# Your objective
Please output the data exactly, minus pictures.

# Data shown
━━━
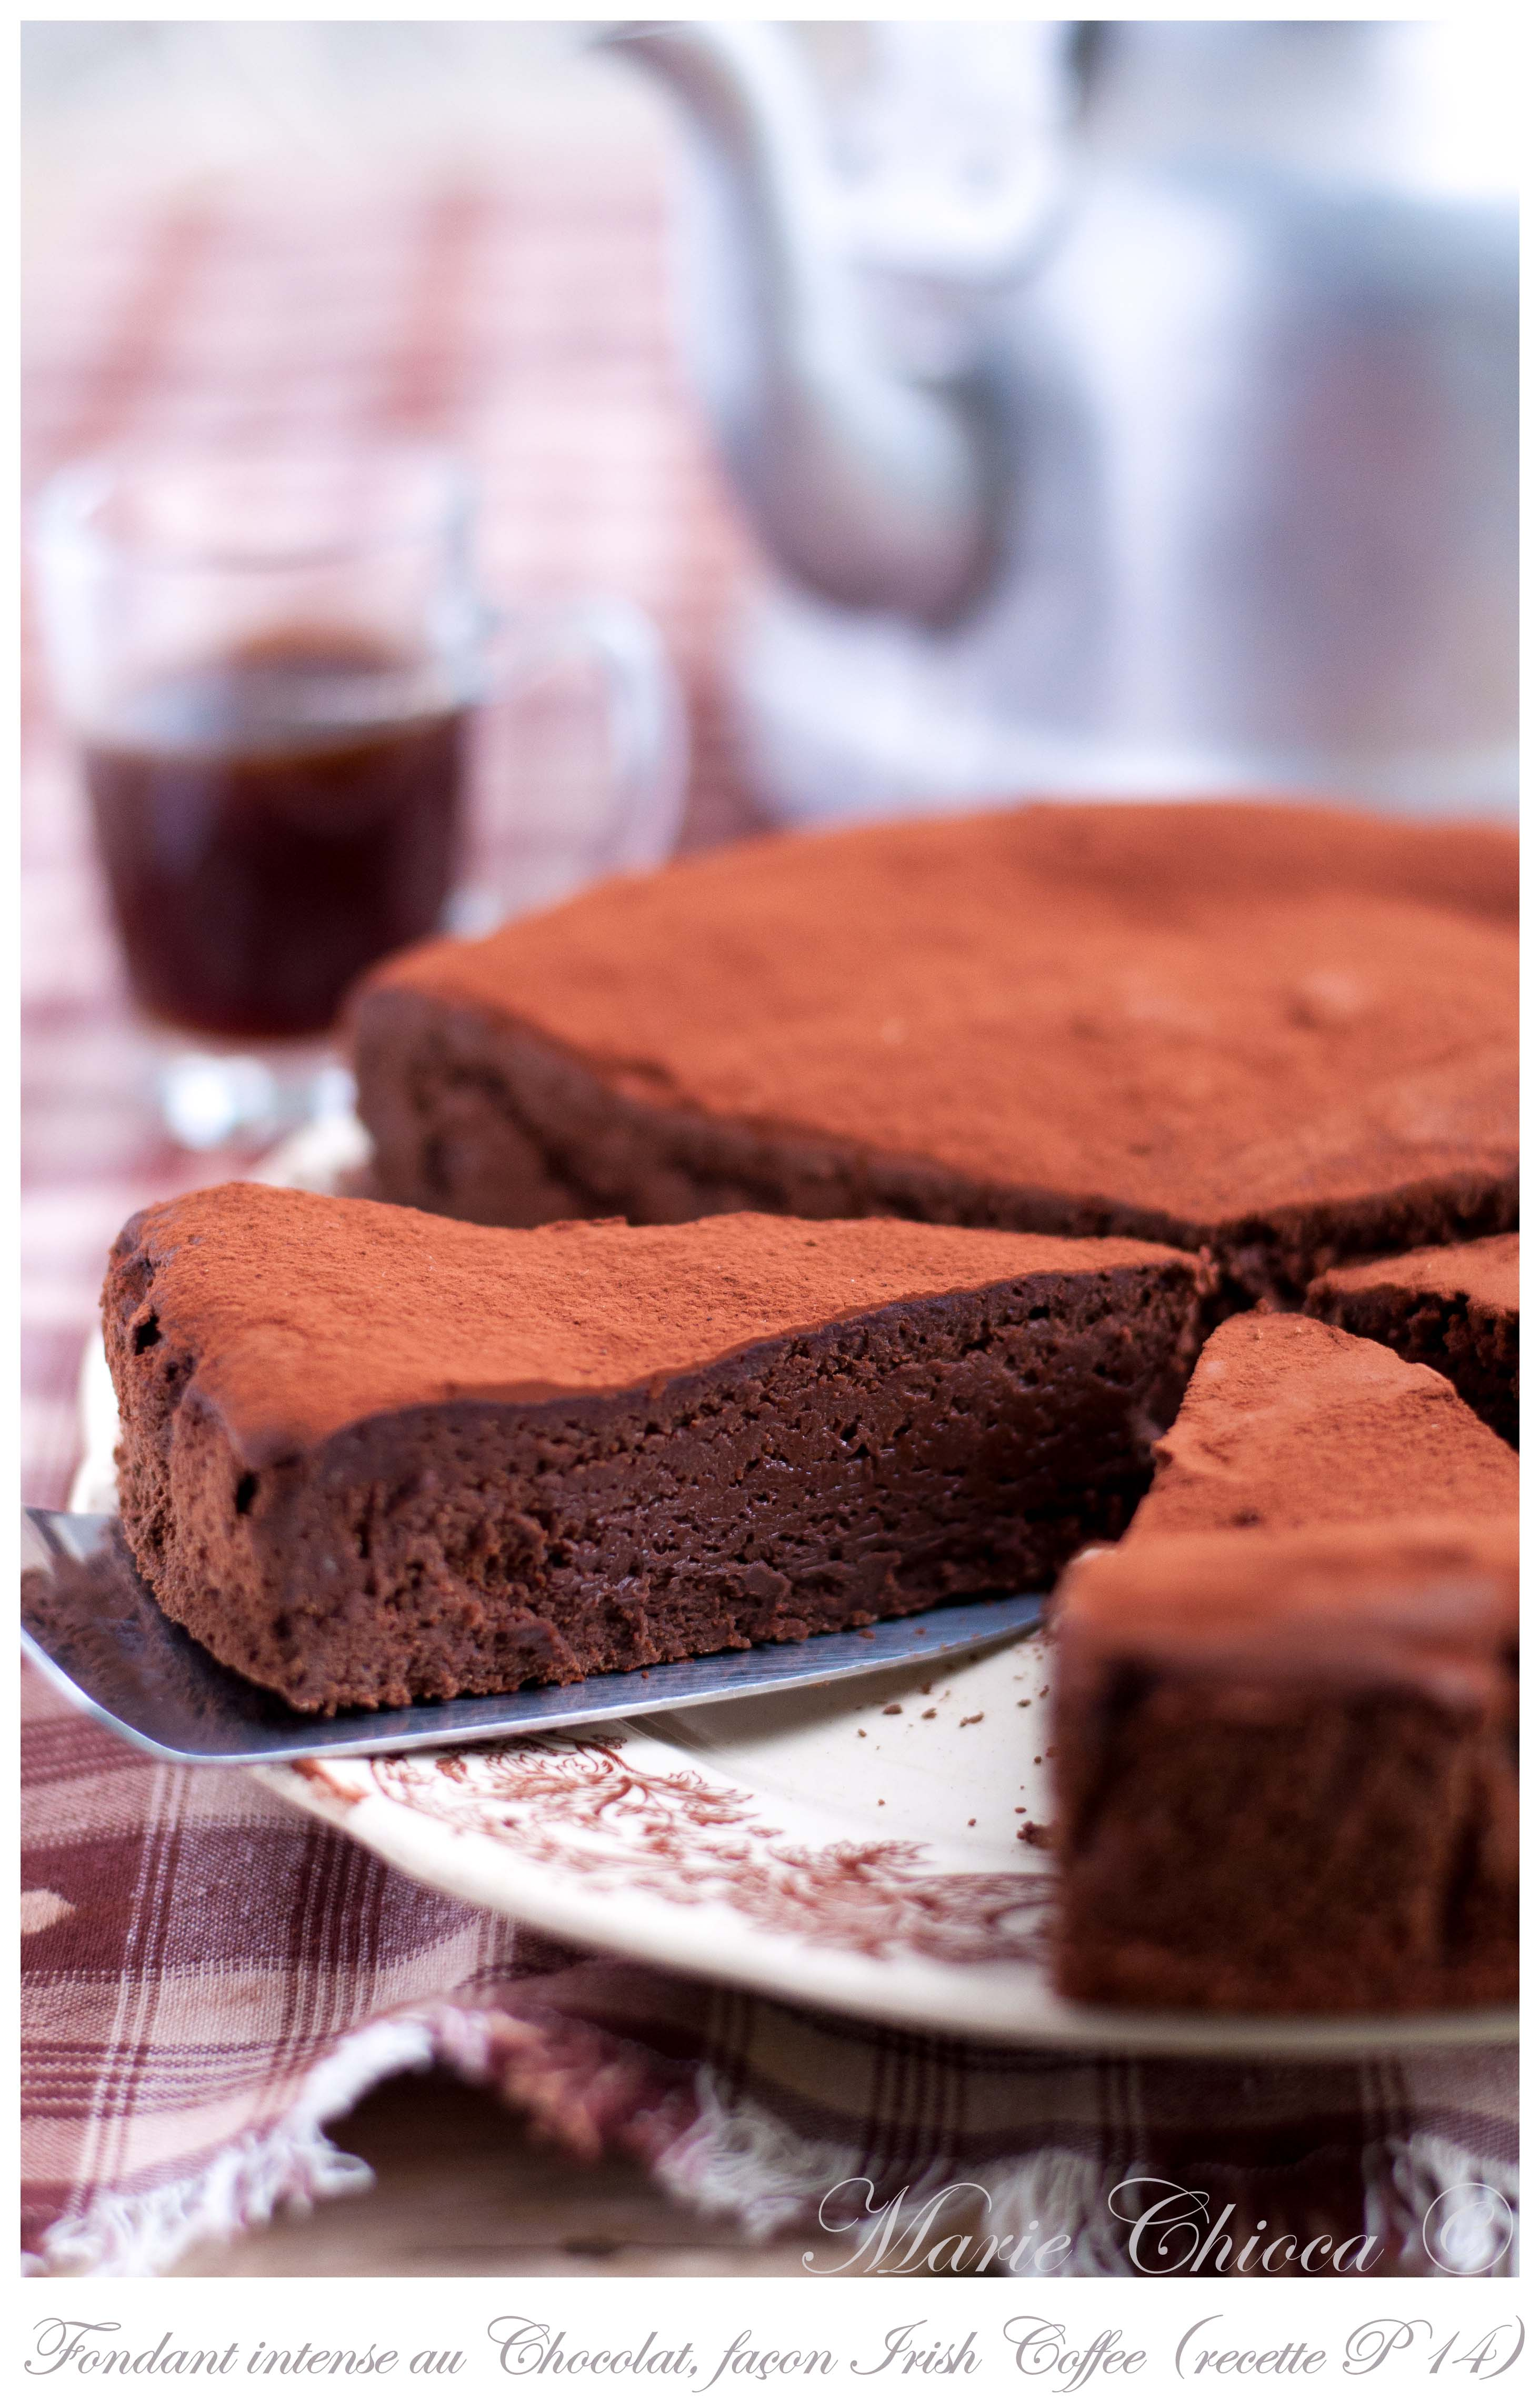 Fondant au chocolat très intense façon irish coffe-2
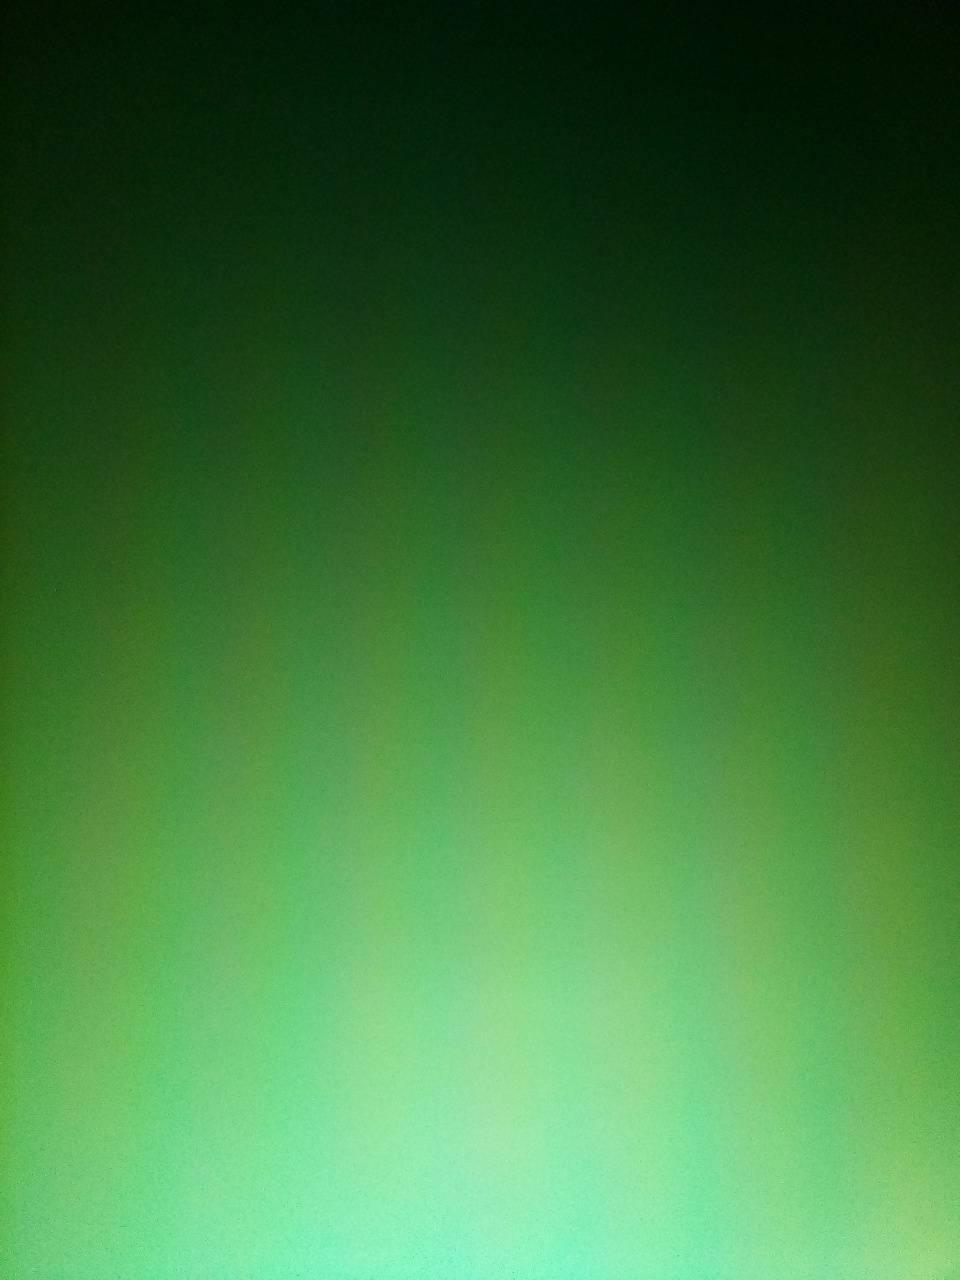 A green screen
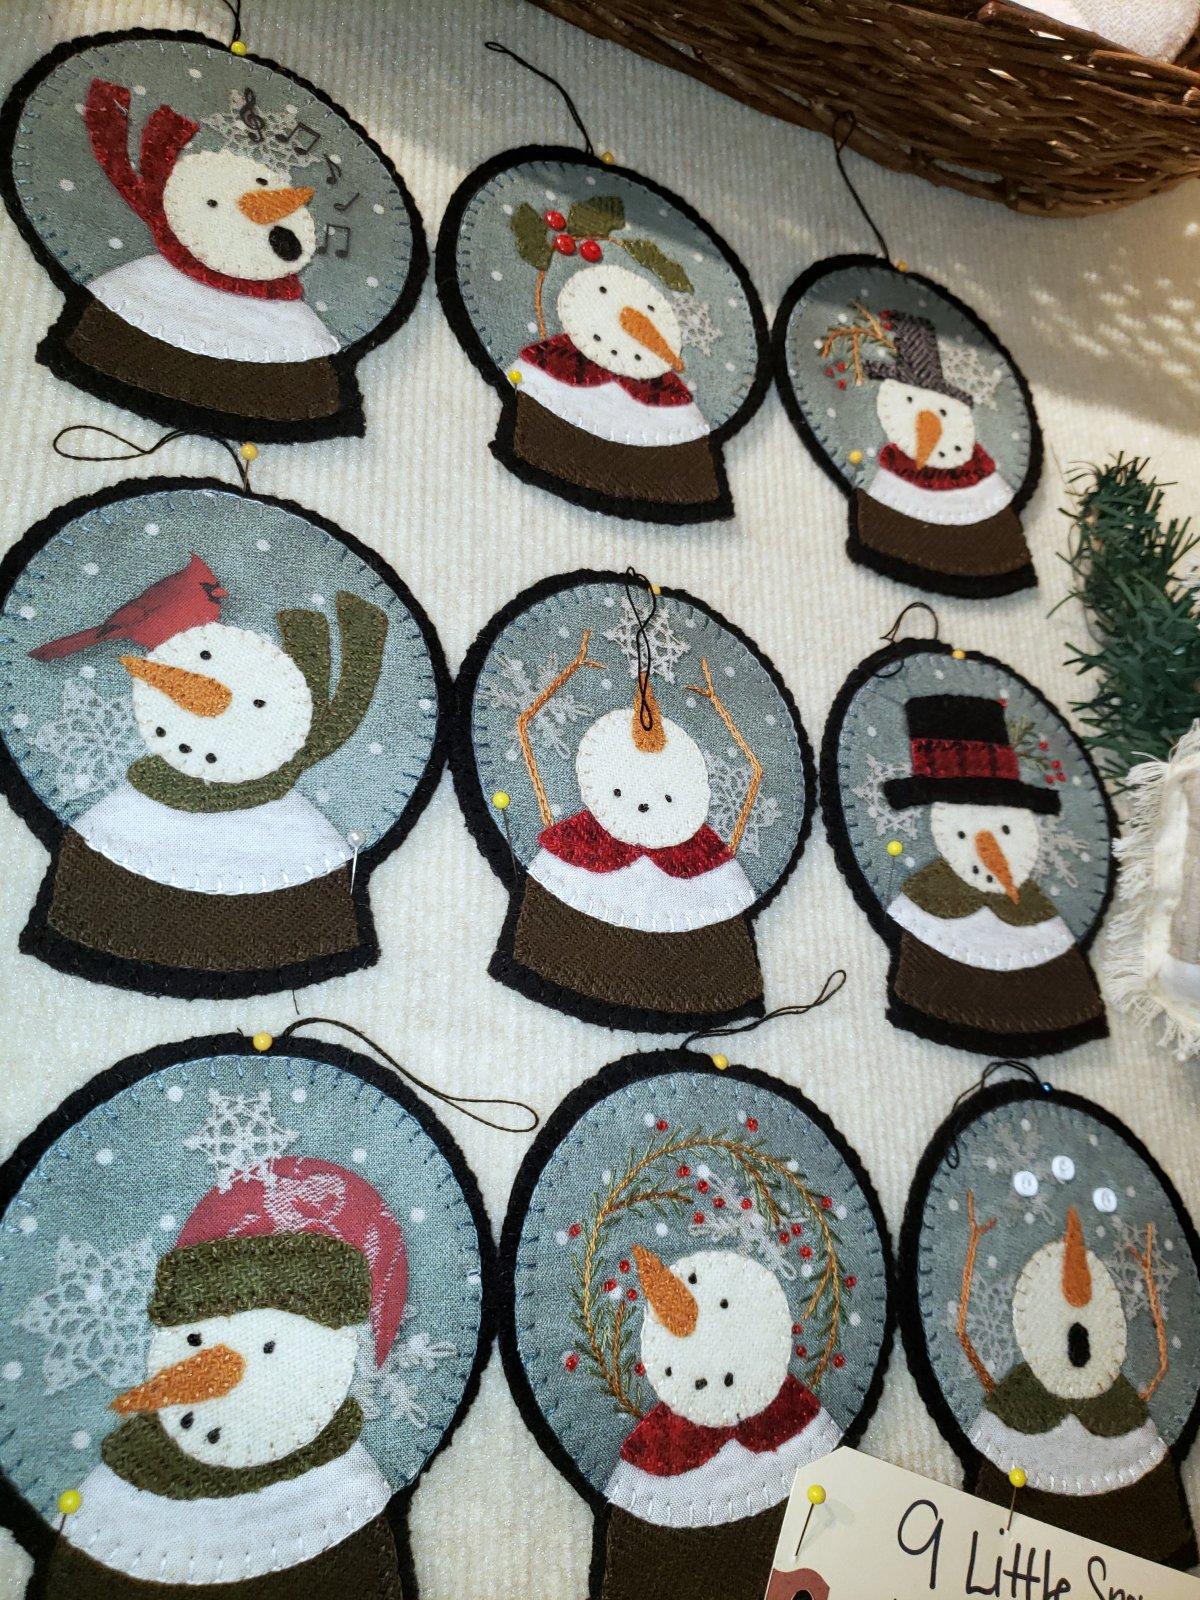 9 Little Snowman Wool Ornament Kit
━━━
# Result
 Fondant au chocolat très intense façon irish coffe-2
 A green screen
 9 Little Snowman Wool Ornament Kit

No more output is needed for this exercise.